[Opening PROVIDED MATERIAL section]
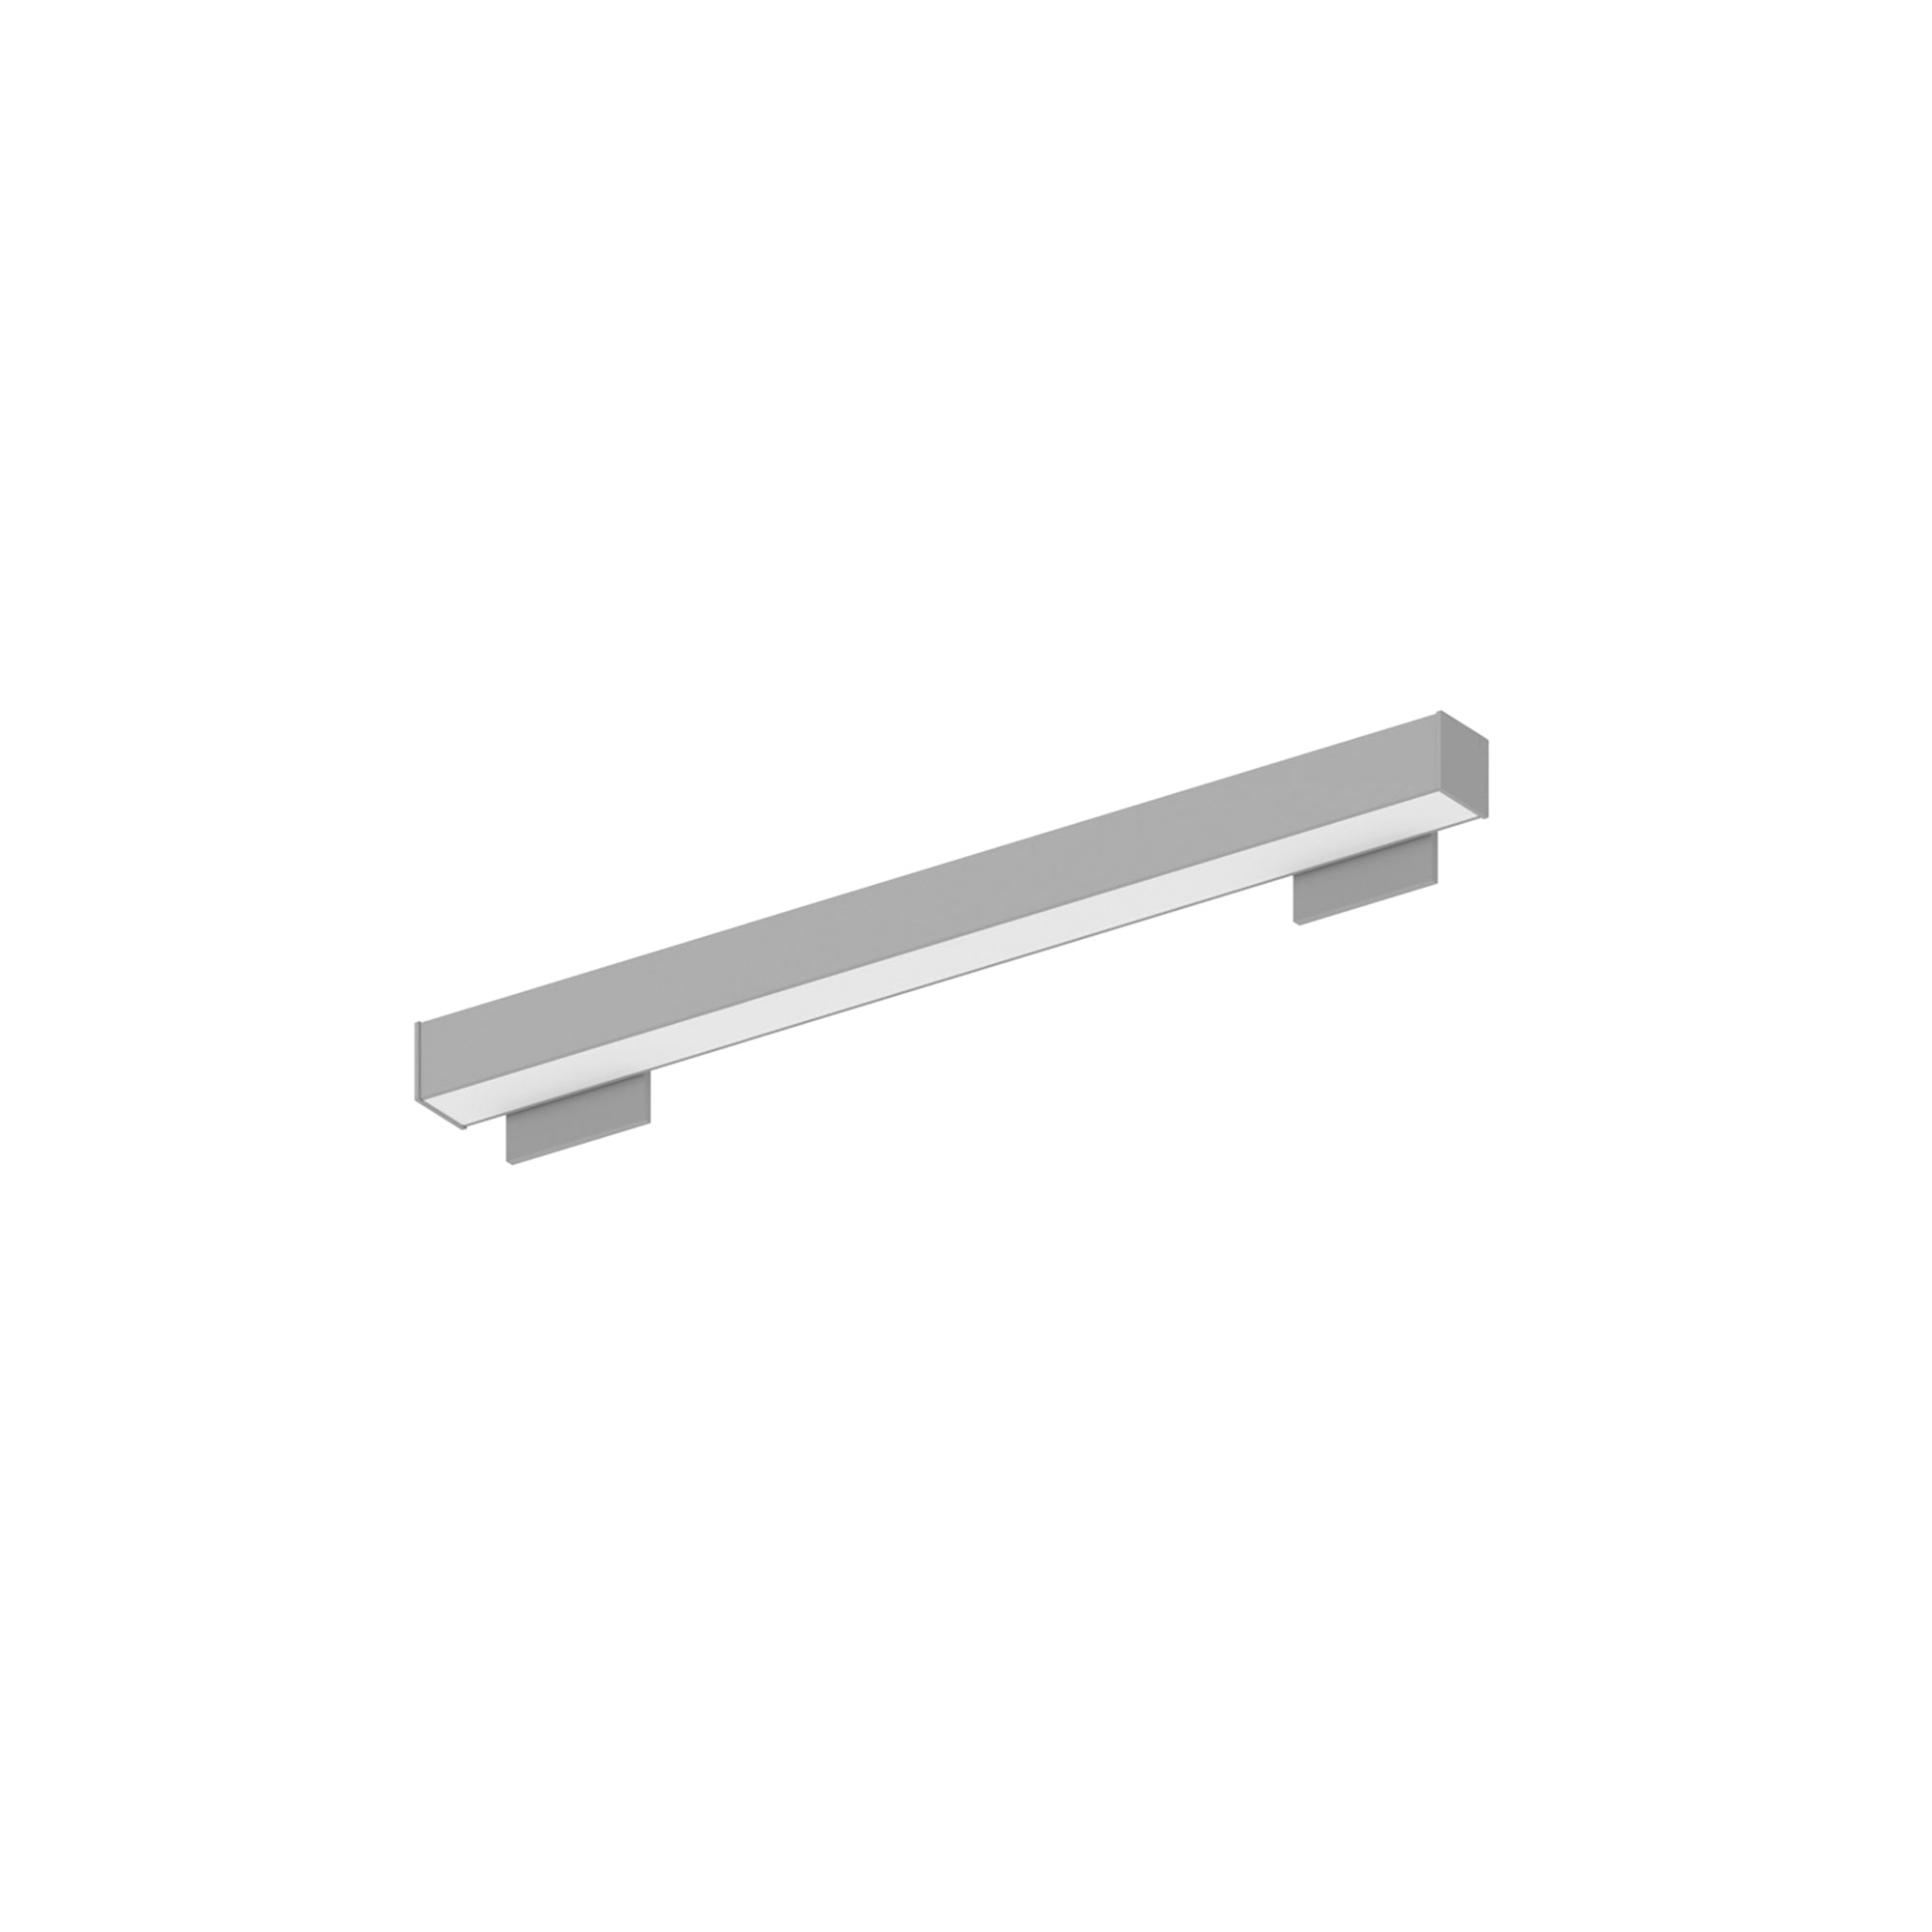 Nora Lighting NWLIN-21040A/L4P-R4 - Linear - 2' L-Line LED Wall Mount Linear, 2100lm / 4000K, 4 Inchx4 Inch Left Plate & 4 Inchx4 Inch Right Plate, Left Power Feed, Aluminum Finish
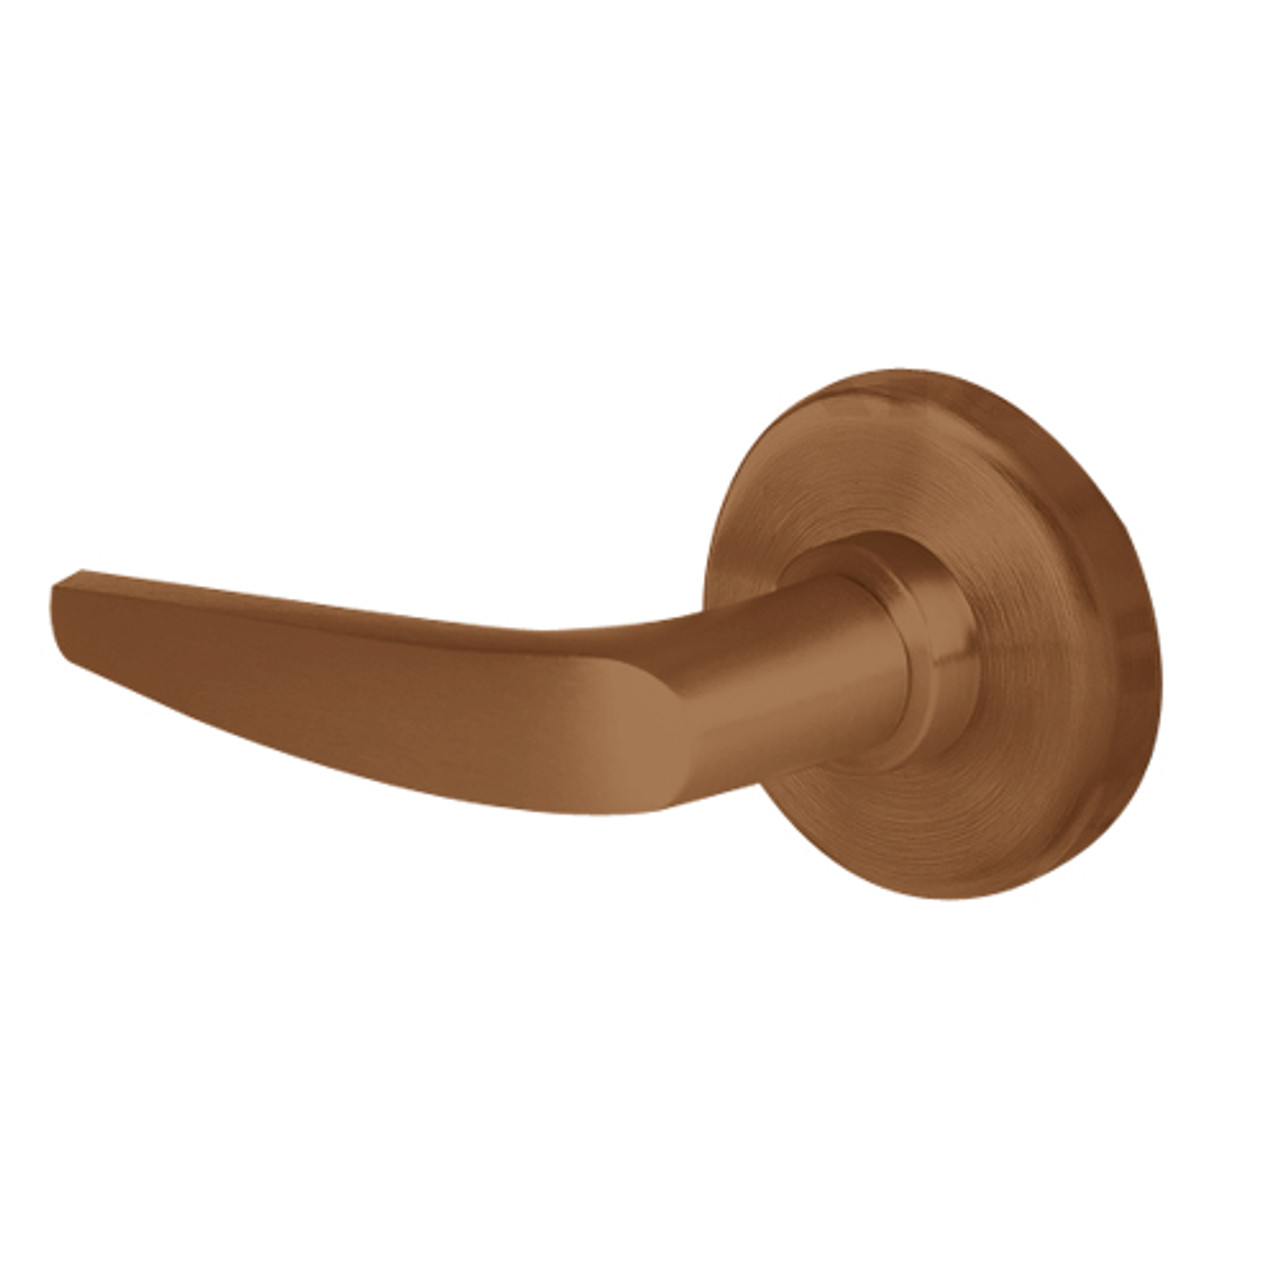 45H7G16R690 Best 40H Series Communicating with Deadbolt Heavy Duty Mortise Lever Lock with Curved with No Return in Dark Bronze
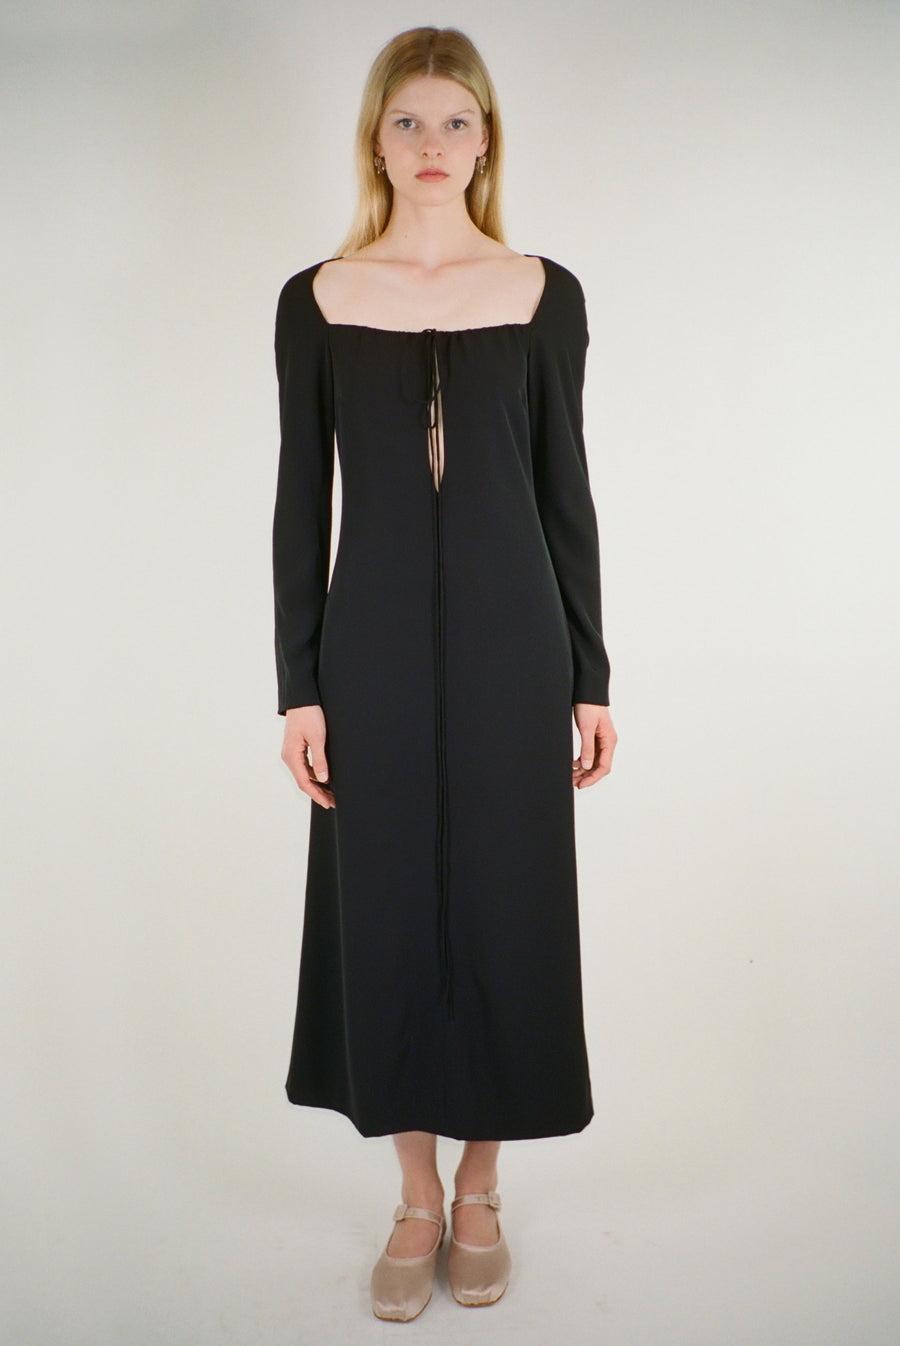 Long sleeve midi dress in black with open detail and tie on model
[Closing PROVIDED MATERIAL section]
▸ **TO DO**: From the opening line of the listing above through the line bearing "45H7G16R690 Best 40H", repeat each line exactly. Drop every picture.

▸ **SOLUTION BELOW**:
 Nora Lighting NWLIN-21040A/L4P-R4 - Linear - 2' L-Line LED Wall Mount Linear, 2100lm / 4000K, 4 Inchx4 Inch Left Plate & 4 Inchx4 Inch Right Plate, Left Power Feed, Aluminum Finish
 45H7G16R690 Best 40H Series Communicating with Deadbolt Heavy Duty Mortise Lever Lock with Curved with No Return in Dark Bronze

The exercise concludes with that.